My last blog looked at four types of adult child of divorce. For those in the Deluded, Denied, and Determined camps the next question is: Do you want to be healed?
This seems like an odd thing to ask until you look at a situation a man faced when approached by Jesus. Jesus was walking through an area where many sick, blind, lame, and paralyzed people gathered. He approached this man who had been an invalid for thirty-eight years and asked him, “Would you like to get well?”1 This seems like a no-brainer question, but is it?

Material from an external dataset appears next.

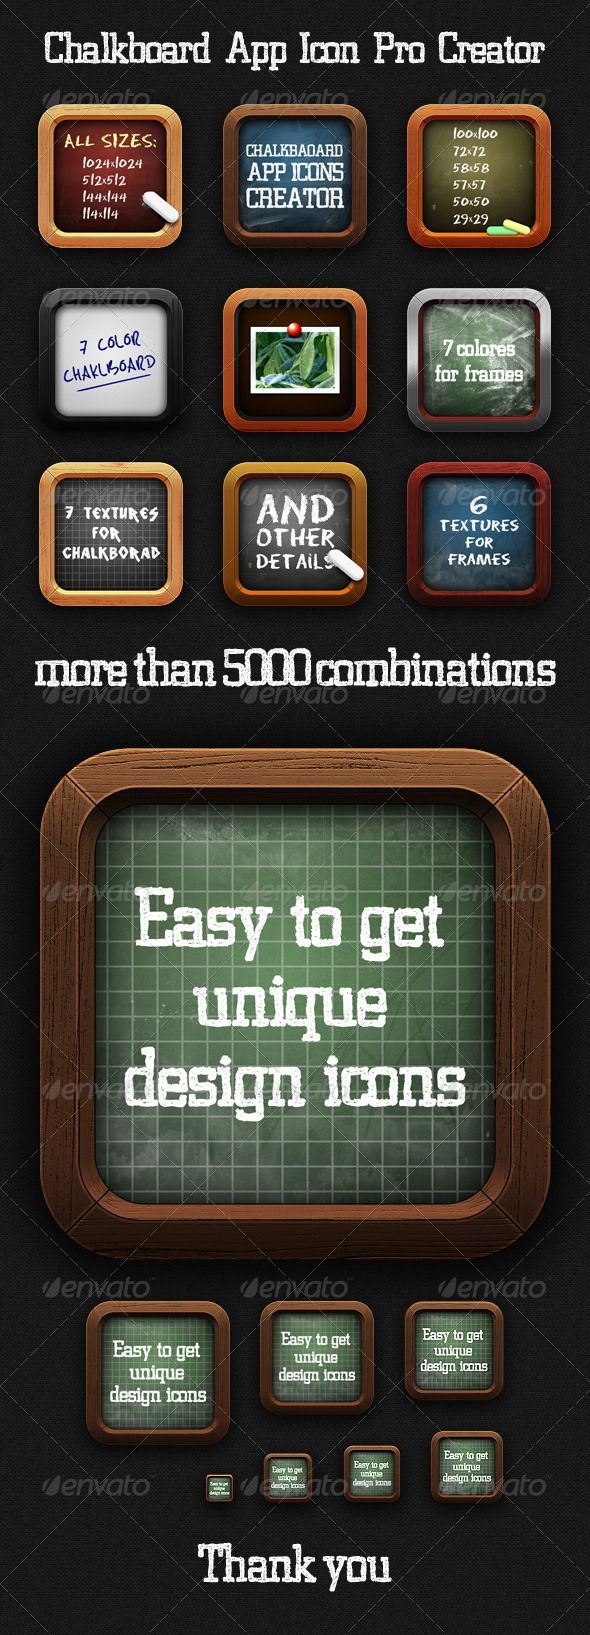 Shirt design maker app - Chalkboard App Icon Pro Creator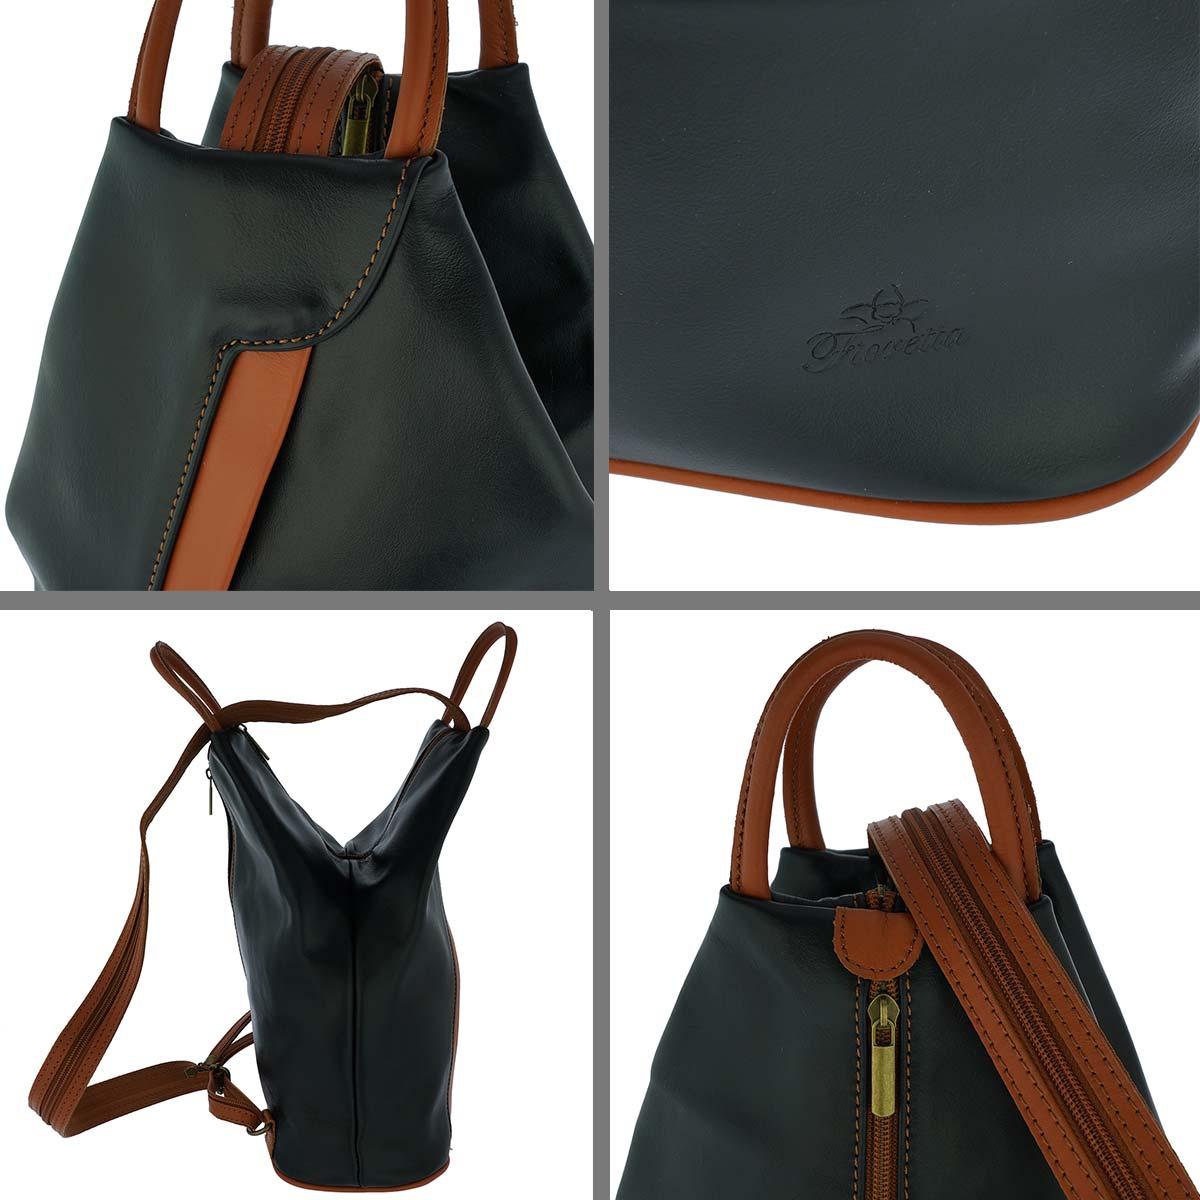 Fioretta Italian Genuine Leather Top Handle Backpack Purse Shoulder Bag Handbag Rucksack For Women - Black Brown

Every New Year’s Day people make a commitment to change—lose weight, be more organized, quit smoking, argue less, etc. But days or perhaps weeks after they start, defeat comes. They quit and reboot next year on January 1st. We’ve all experienced this, but why? As blunt as this sounds, we have no resolve.
When we show resolve, “a definite and serious decision [is made] to do something.”2 In our context, when asked, “Do you want to be healed?” the real question is, have you resolved to overcome the issues your parents’ divorce created or are you content to dabble in healing?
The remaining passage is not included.